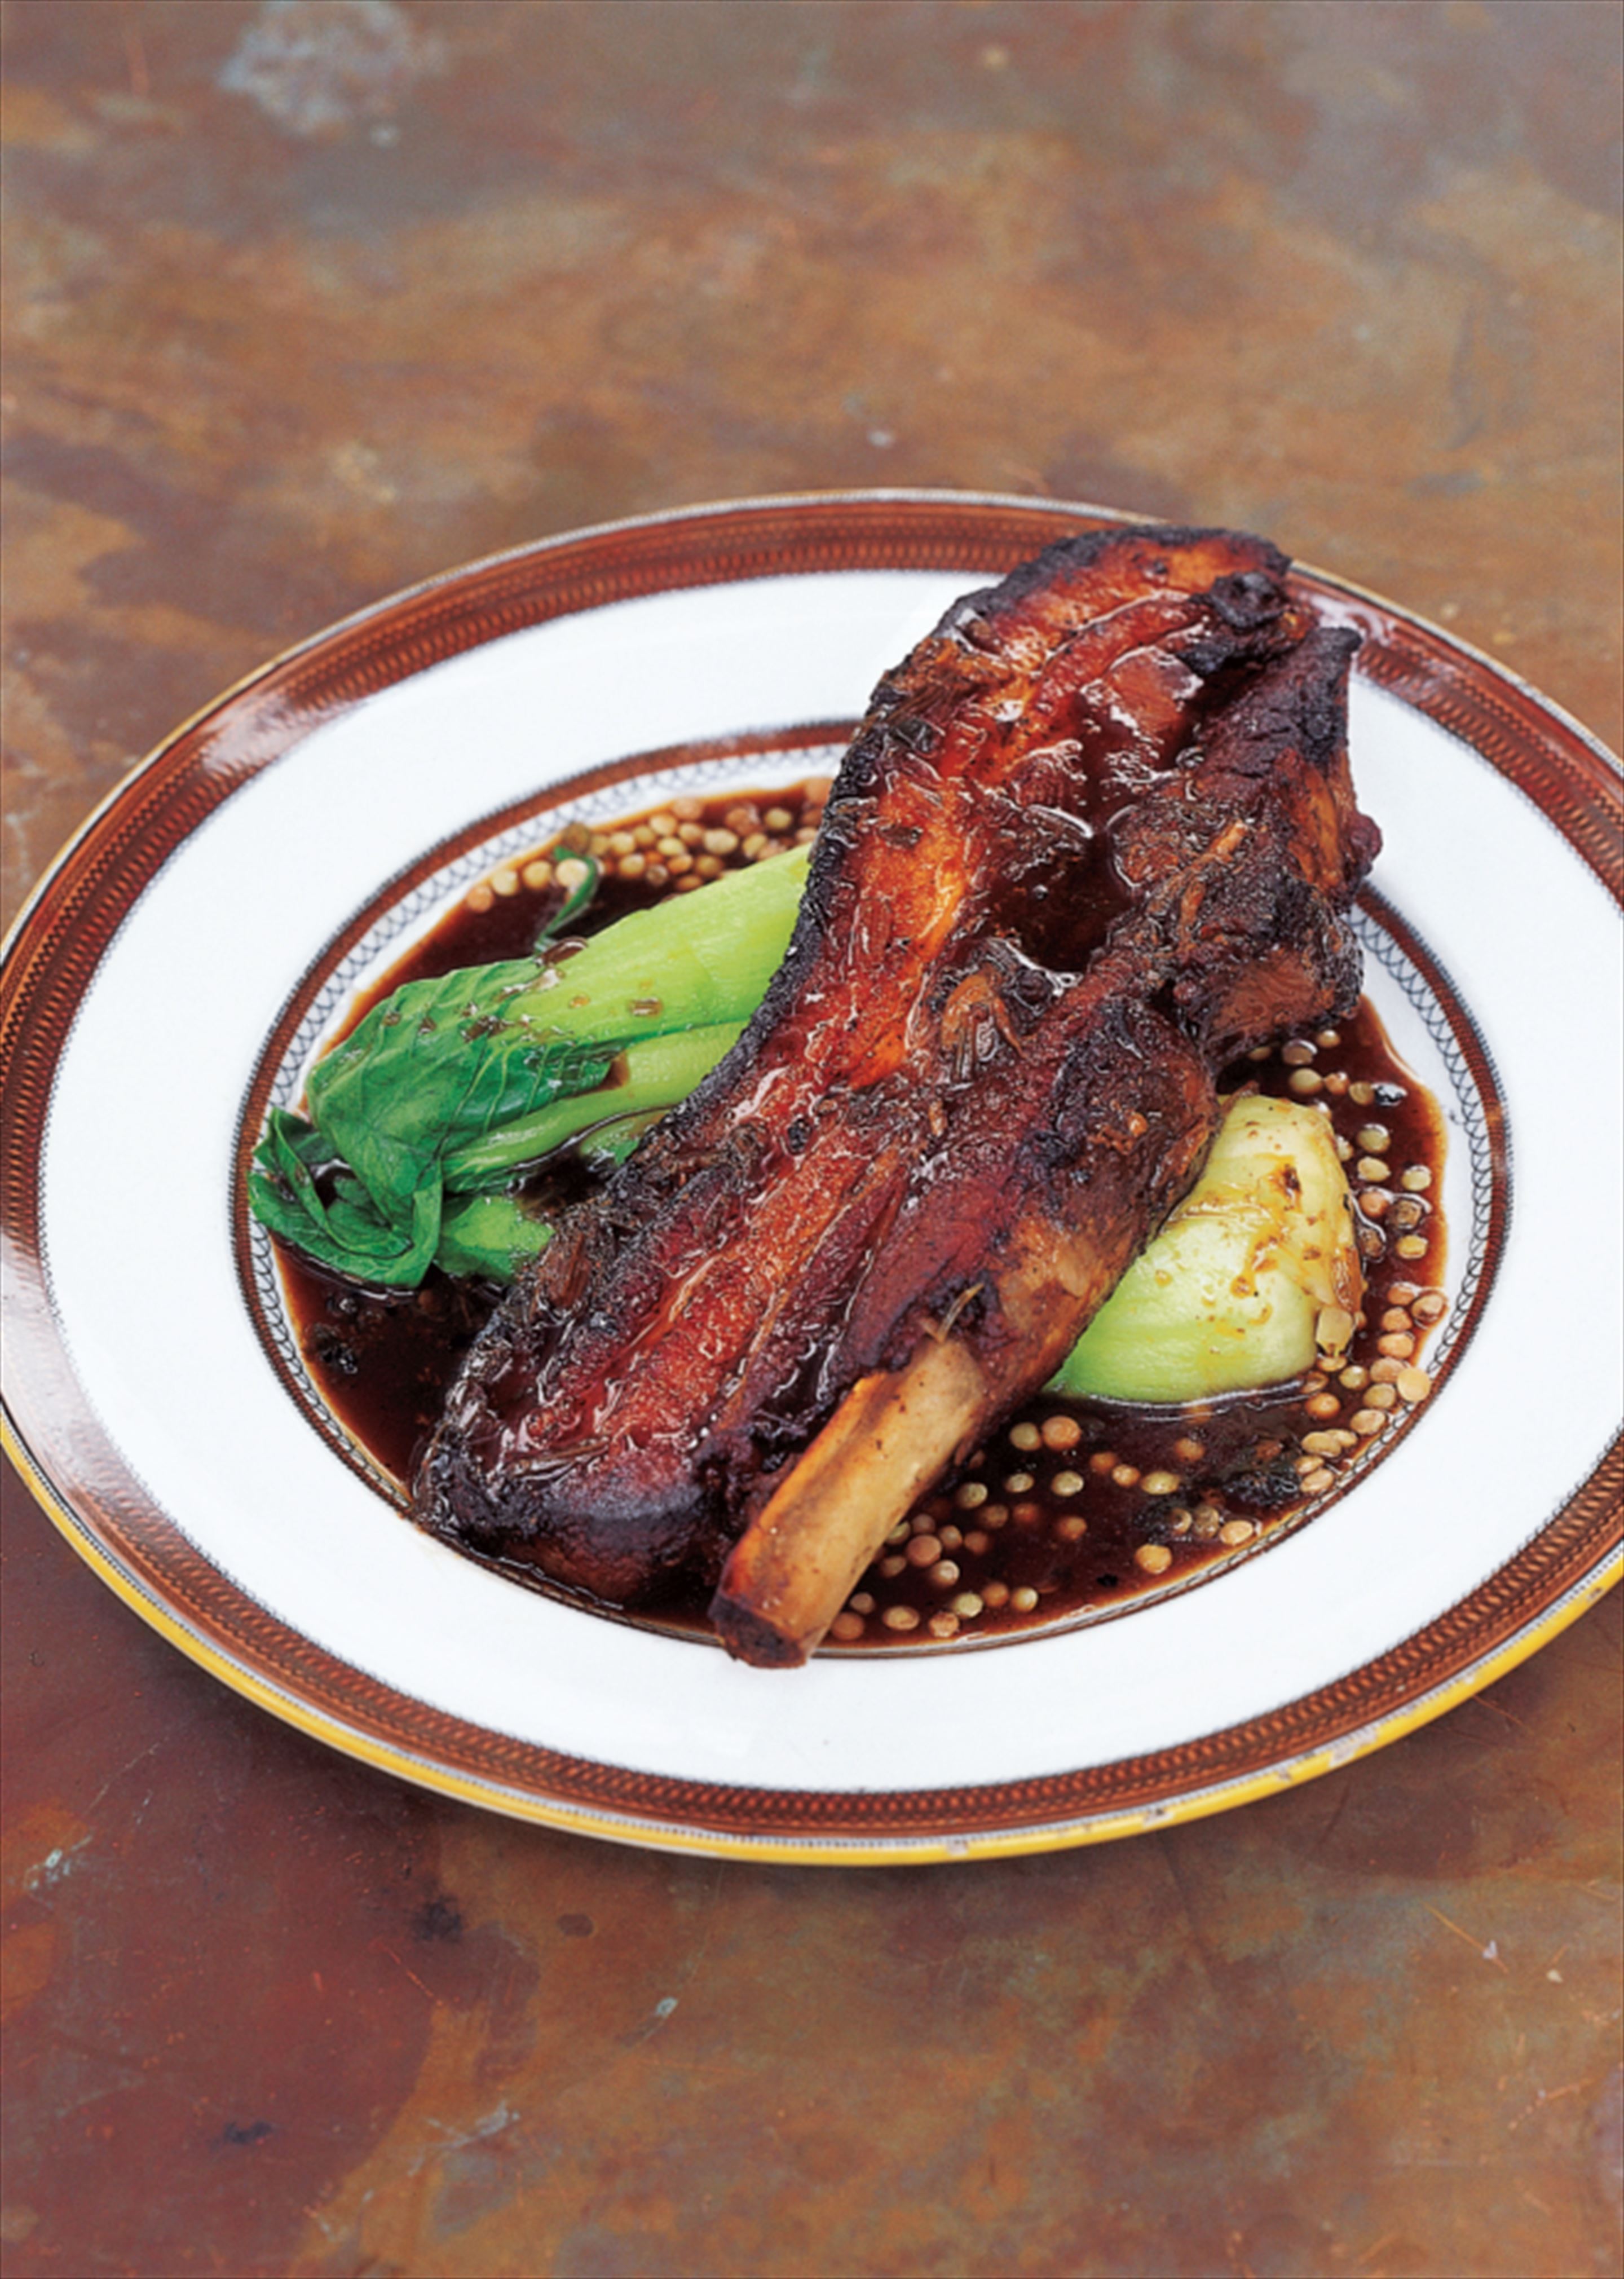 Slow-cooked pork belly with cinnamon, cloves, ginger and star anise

----

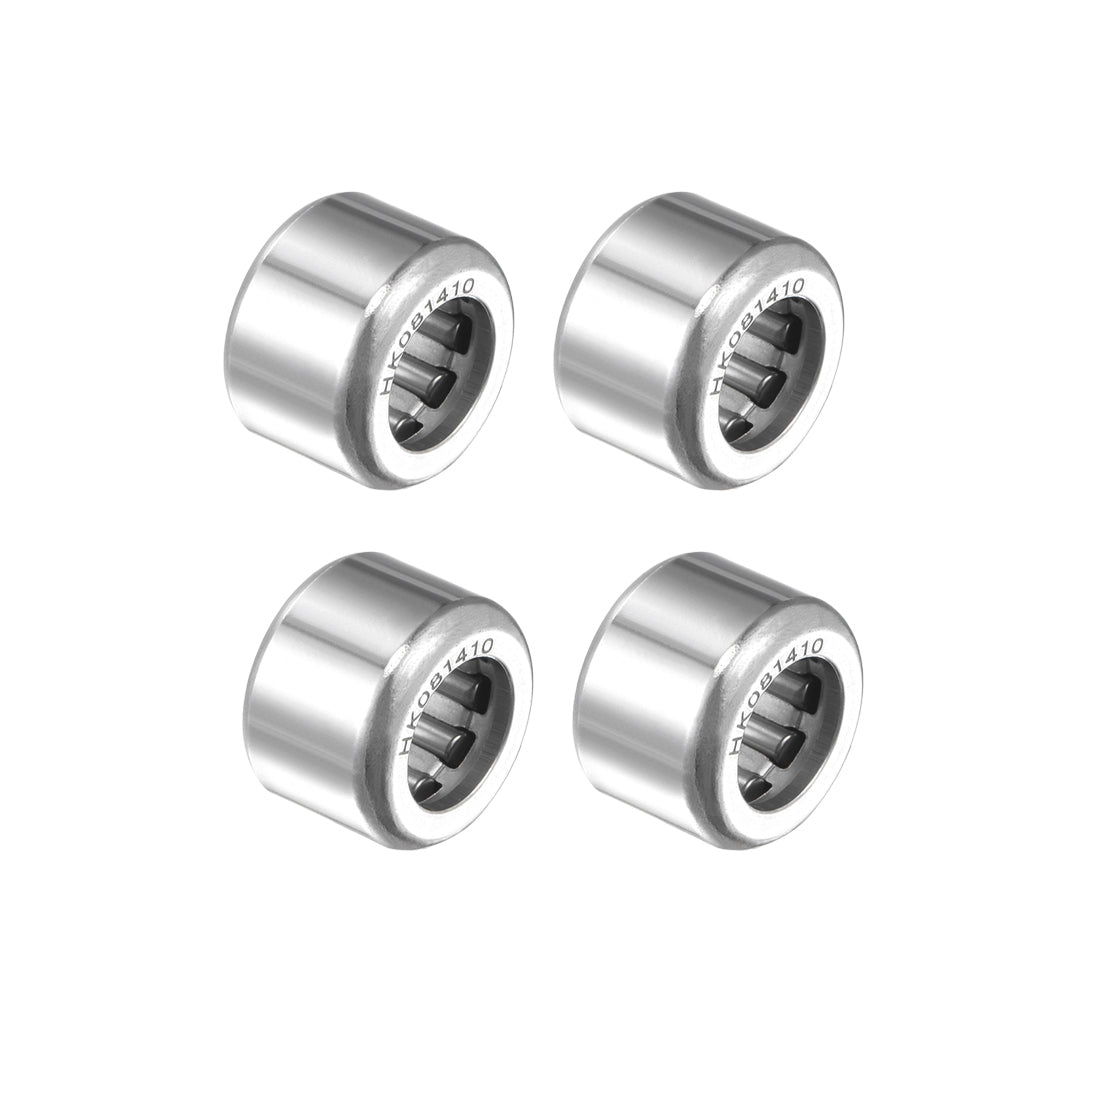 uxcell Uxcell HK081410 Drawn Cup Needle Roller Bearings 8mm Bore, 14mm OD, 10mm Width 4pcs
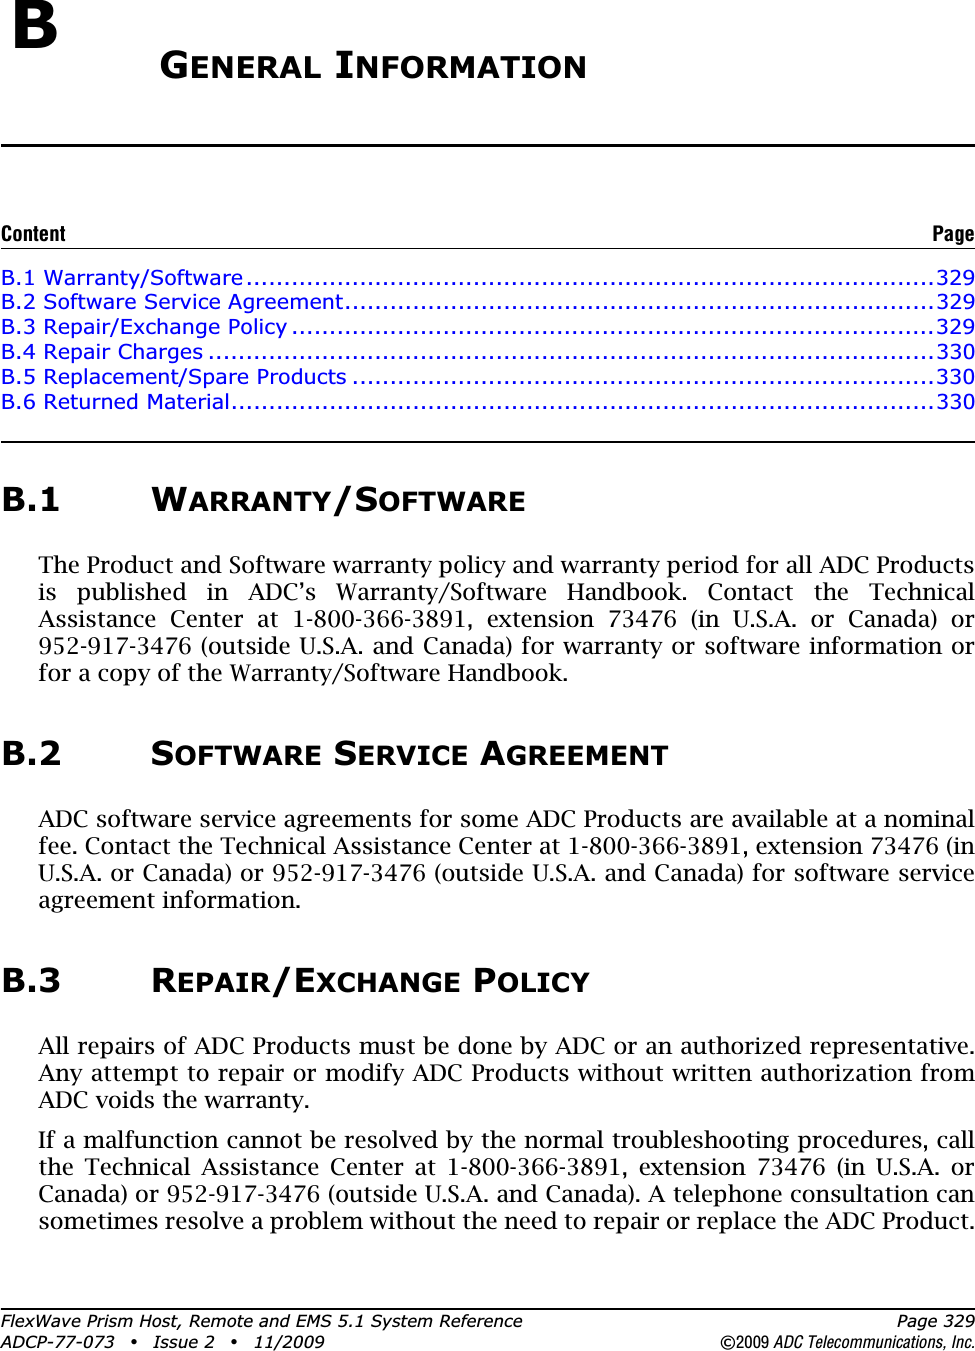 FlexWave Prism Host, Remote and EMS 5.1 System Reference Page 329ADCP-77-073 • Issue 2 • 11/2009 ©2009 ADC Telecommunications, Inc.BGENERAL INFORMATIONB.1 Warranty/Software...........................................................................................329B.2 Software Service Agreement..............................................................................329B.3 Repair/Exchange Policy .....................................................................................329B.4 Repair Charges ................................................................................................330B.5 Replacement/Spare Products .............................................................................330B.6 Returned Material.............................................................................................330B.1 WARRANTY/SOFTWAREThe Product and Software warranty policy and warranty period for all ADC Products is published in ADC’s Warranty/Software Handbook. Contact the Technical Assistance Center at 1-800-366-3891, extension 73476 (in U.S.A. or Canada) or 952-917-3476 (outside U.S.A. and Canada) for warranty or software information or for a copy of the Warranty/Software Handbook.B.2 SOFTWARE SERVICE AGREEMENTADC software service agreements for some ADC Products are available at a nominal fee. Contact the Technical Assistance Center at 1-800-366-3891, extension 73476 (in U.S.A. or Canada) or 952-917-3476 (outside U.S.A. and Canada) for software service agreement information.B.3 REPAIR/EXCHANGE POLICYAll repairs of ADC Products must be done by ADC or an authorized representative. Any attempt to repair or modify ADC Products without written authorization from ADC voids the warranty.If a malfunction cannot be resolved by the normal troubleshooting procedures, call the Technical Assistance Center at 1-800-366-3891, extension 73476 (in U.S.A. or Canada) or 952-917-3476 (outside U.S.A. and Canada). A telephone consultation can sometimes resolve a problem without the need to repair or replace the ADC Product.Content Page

----

#### Exercise directions:
Copy out the lines above from the line containing "uxcell Uxcell HK081410" through the line containing "FlexWave Prism Host, Remote", exactly, and keep the pictures out.

#### Task solution:
 uxcell Uxcell HK081410 Drawn Cup Needle Roller Bearings 8mm Bore, 14mm OD, 10mm Width 4pcs
 FlexWave Prism Host, Remote and EMS 5.1 System Reference Page 329ADCP-77-073 • Issue 2 • 11/2009 ©2009 ADC Telecommunications, Inc.BGENERAL INFORMATIONB.1 Warranty/Software...........................................................................................329B.2 Software Service Agreement..............................................................................329B.3 Repair/Exchange Policy .....................................................................................329B.4 Repair Charges ................................................................................................330B.5 Replacement/Spare Products .............................................................................330B.6 Returned Material.............................................................................................330B.1 WARRANTY/SOFTWAREThe Product and Software warranty policy and warranty period for all ADC Products is published in ADC’s Warranty/Software Handbook. Contact the Technical Assistance Center at 1-800-366-3891, extension 73476 (in U.S.A. or Canada) or 952-917-3476 (outside U.S.A. and Canada) for warranty or software information or for a copy of the Warranty/Software Handbook.B.2 SOFTWARE SERVICE AGREEMENTADC software service agreements for some ADC Products are available at a nominal fee. Contact the Technical Assistance Center at 1-800-366-3891, extension 73476 (in U.S.A. or Canada) or 952-917-3476 (outside U.S.A. and Canada) for software service agreement information.B.3 REPAIR/EXCHANGE POLICYAll repairs of ADC Products must be done by ADC or an authorized representative. Any attempt to repair or modify ADC Products without written authorization from ADC voids the warranty.If a malfunction cannot be resolved by the normal troubleshooting procedures, call the Technical Assistance Center at 1-800-366-3891, extension 73476 (in U.S.A. or Canada) or 952-917-3476 (outside U.S.A. and Canada). A telephone consultation can sometimes resolve a problem without the need to repair or replace the ADC Product.Content Page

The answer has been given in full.